Task 10: Apply Preservation Report During Eval And Publish Gates
Files:
-
Modify:
app-instance/backend/beaver/skills/learning/eval.py -
Modify:
app-instance/backend/beaver/skills/learning/pipeline.py -
Test:
app-instance/backend/tests/unit/test_skill_learning_pipeline.py -
Step 1: Write failing publish gate test
Append to app-instance/backend/tests/unit/test_skill_learning_pipeline.py:
def test_publish_blocks_low_confidence_replay_report(tmp_path: Path) -> None:
pipeline = _pipeline(tmp_path)
draft = pipeline.draft_service.create_new_skill_draft(
skill_name="low-confidence",
proposed_content="# Low\n\nDo it.",
proposed_frontmatter={"description": "low", "tools": ["mcp_outlook_send_email"]},
created_by="test",
reason="test",
)
pipeline.learning_store.write_eval_report(
SkillDraftEvalReport(
report_id="eval-low",
skill_name=draft.skill_name,
draft_id=draft.draft_id,
candidate_id="candidate-1",
passed=True,
baseline_score_avg=0.7,
candidate_score_avg=0.9,
score_delta=0.2,
regression_count=0,
improved_count=1,
unchanged_count=0,
confidence="low",
mode="replay",
eval_version="replay-v1",
execution_coverage=0.0,
surrogate_coverage=1.0,
blocked_coverage=0.0,
)
)
pipeline.check_safety(draft.skill_name, draft.draft_id)
pipeline.submit_review(draft.skill_name, draft.draft_id, requested_by="tester")
pipeline.approve(draft.skill_name, draft.draft_id, reviewer="tester")
with pytest.raises(ValueError, match="low confidence"):
pipeline.publish(draft.skill_name, draft.draft_id, publisher="tester")
Add import if missing:
from beaver.memory.skills import SkillDraftEvalReport
- Step 2: Run test to verify failure
Run:
cd app-instance/backend
pytest tests/unit/test_skill_learning_pipeline.py::test_publish_blocks_low_confidence_replay_report -v
Expected: FAIL because publish gate does not check confidence.
- Step 3: Update publish gates
In SkillLearningPipelineService._validate_publish_gates(), after the existing eval pass check, add:
if eval_report is not None and eval_report.mode == "replay":
if eval_report.confidence == "low":
raise ValueError("Draft replay eval has low confidence and requires revision before publish")

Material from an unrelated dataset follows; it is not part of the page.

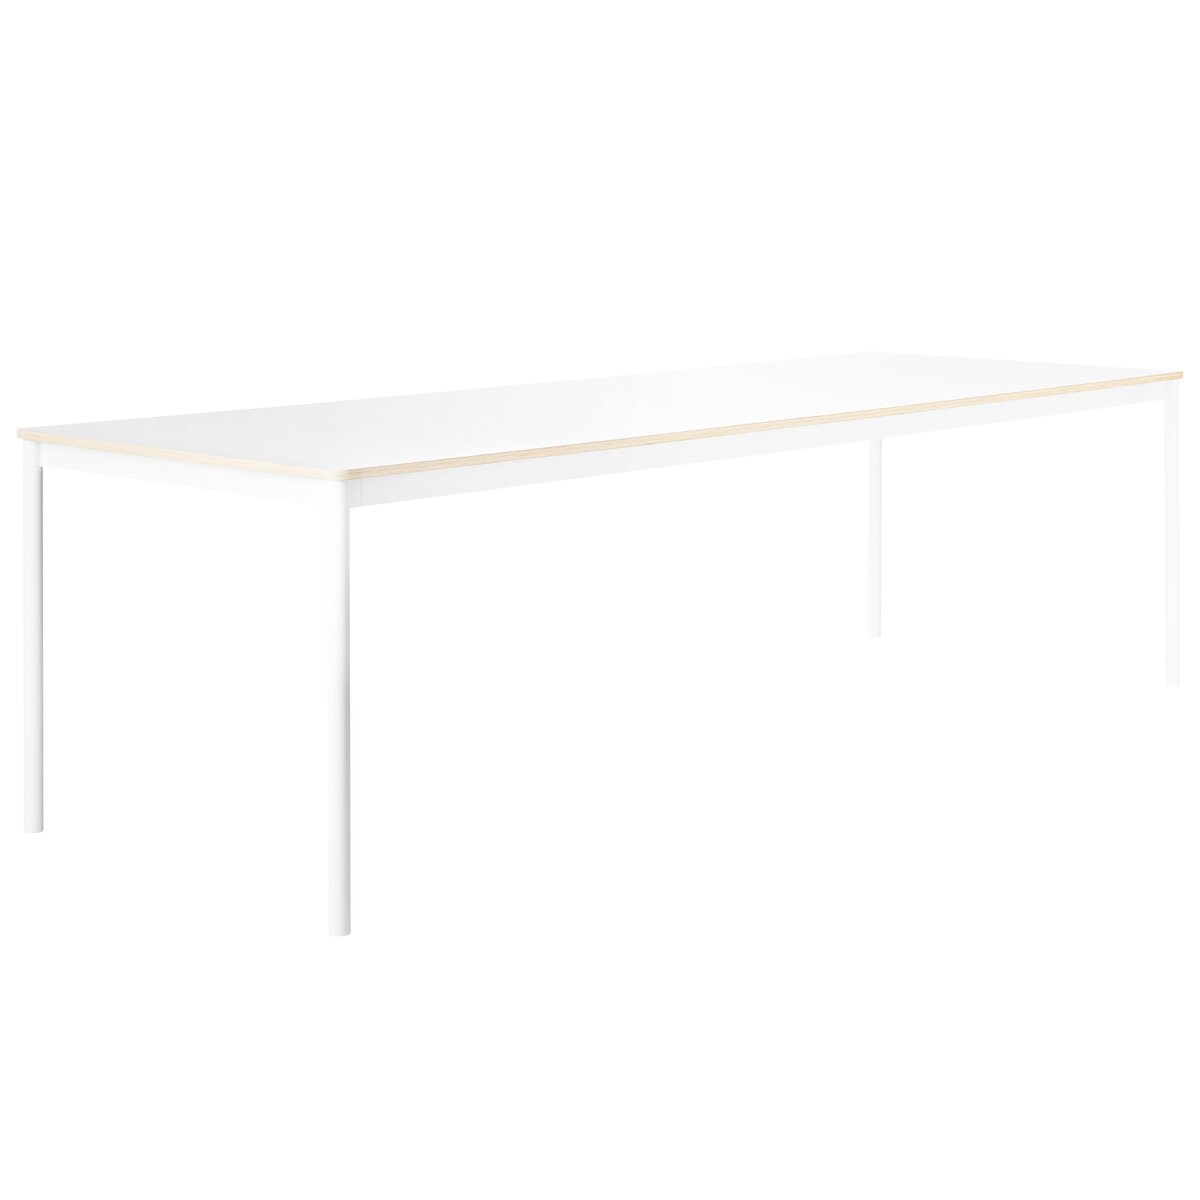 Muuto Base pöytä 190 x 85 cm, laminaatti vanerireunalla, valkoinen

if eval_report.blocked_coverage >= 1.0:
raise ValueError("Draft replay eval blocked all important tool calls")
preservation = eval_report.preservation_report or {}
if preservation.get("passed") is False:
raise ValueError("Draft preservation check did not pass")
- Step 4: Add preservation gate test
Append to app-instance/backend/tests/unit/test_skill_learning_pipeline.py:
def test_publish_blocks_failed_preservation_report(tmp_path: Path) -> None:
pipeline = _pipeline(tmp_path)
draft = pipeline.draft_service.create_new_skill_draft(
skill_name="dropped-section",
proposed_content="# Skill\n\n## Workflow\n\nDo it.",
proposed_frontmatter={"description": "dropped", "tools": []},
created_by="test",
reason="test",
)
pipeline.learning_store.write_eval_report(
SkillDraftEvalReport(
report_id="eval-preservation",
skill_name=draft.skill_name,
draft_id=draft.draft_id,
candidate_id="candidate-1",
passed=True,
baseline_score_avg=0.7,
candidate_score_avg=0.9,
score_delta=0.2,
regression_count=0,
improved_count=1,
unchanged_count=0,
confidence="medium",
mode="replay",
eval_version="replay-v1",
preservation_report={"passed": False, "risk_level": "high", "dropped_sections": ["Safety"]},
)
)
pipeline.check_safety(draft.skill_name, draft.draft_id)
pipeline.submit_review(draft.skill_name, draft.draft_id, requested_by="tester")
pipeline.approve(draft.skill_name, draft.draft_id, reviewer="tester")
with pytest.raises(ValueError, match="preservation"):
pipeline.publish(draft.skill_name, draft.draft_id, publisher="tester")
- Step 5: Run pipeline tests
Run:
cd app-instance/backend
pytest tests/unit/test_skill_learning_pipeline.py::test_publish_blocks_low_confidence_replay_report tests/unit/test_skill_learning_pipeline.py::test_publish_blocks_failed_preservation_report -v
Expected: PASS.
- Step 6: Run pipeline suite
Run:
cd app-instance/backend
pytest tests/unit/test_skill_learning_pipeline.py tests/unit/test_skill_learning_eval.py -v
Expected: PASS.
- Step 7: Commit
git add app-instance/backend/beaver/skills/learning/eval.py app-instance/backend/beaver/skills/learning/pipeline.py app-instance/backend/tests/unit/test_skill_learning_pipeline.py
git commit -m "feat(skill-learning): gate publish on replay confidence"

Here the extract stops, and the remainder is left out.